By telling Matchmine what you like, you create a key that can be used by other sites.

The recommendations are created independently of any site's users, and thus can't be based on collaborative filtering, where you're matched with items based on what other users are buying or rating. Instead, Matchmine finds items for you based on a database of attributes attached to each property in its database. If you rate Western movies highly, it will find more of them for you. If you're partial to Oscar winners, it knows that, too. Of course, the more items you rate, the better your results should be.

The company plans to make money be selling its technology to content marketplaces, and it already has deals with some second-tier music and film sites like Fuzz, FilmCrave, and Peerflix.

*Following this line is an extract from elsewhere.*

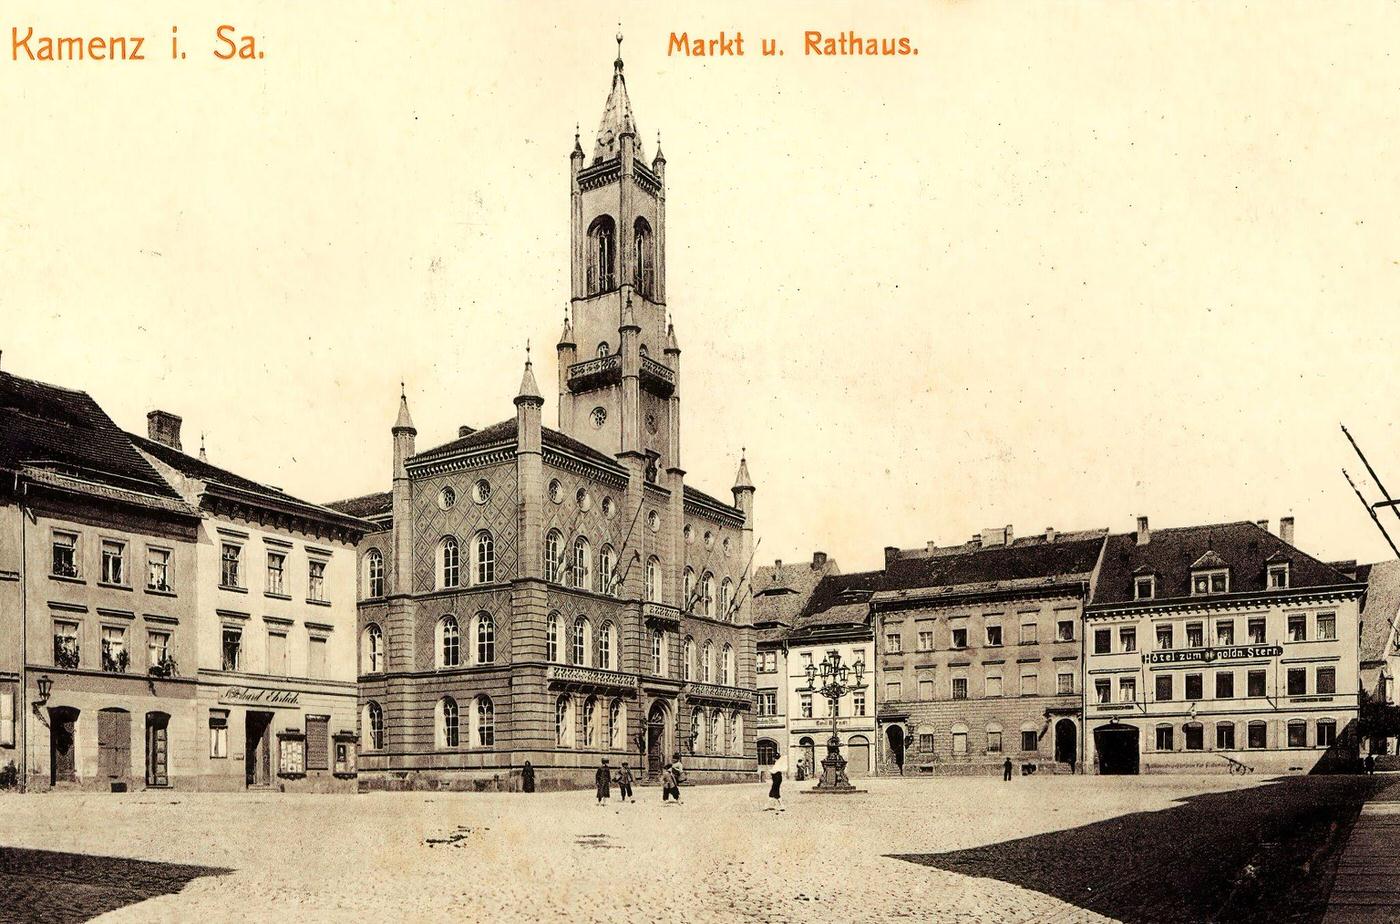 Town halls in Kamenz, Landkreis Bautzen, Germany, 1903.

There's a standalone recommendation application that connects you to Amazon and other stores to buy things.

These sites, though, already have their own databases of media as well as their own rating systems. Sites that support Matchmine will let their users import their preferences, but they don't, yet, export. So any work you've done on Peerflix, for example, to rate your favorite movies won't get exported to your Matchmine preferences set. And it's unlikely that the major commerce/rating sites, like Amazon and Netflix, will adopt technology that commoditizes what for them is a key service. I really don't think Amazon sees its recommendation engine as something it can outsource.

On the other hand, Matchmine can send transactions to any store it wants, including Amazon and Netflix, and pocket affiliate fees for doing so. The service's standalone recommendation engine does just that.

One of the things I don't get about Matchmine is that it stores all its preference data locally, on users' machines, in a background executable file that the user then authorizes applications to access. This lets users control their information, but it's a very un-Web concept: It's not portable and it sucks up resources on the PC. The service also makes a big deal about privacy, since it doesn't store any personal information with your preferences. But as soon as you import prefs into a commerce site, you'll be matched up. So I don't quite get that.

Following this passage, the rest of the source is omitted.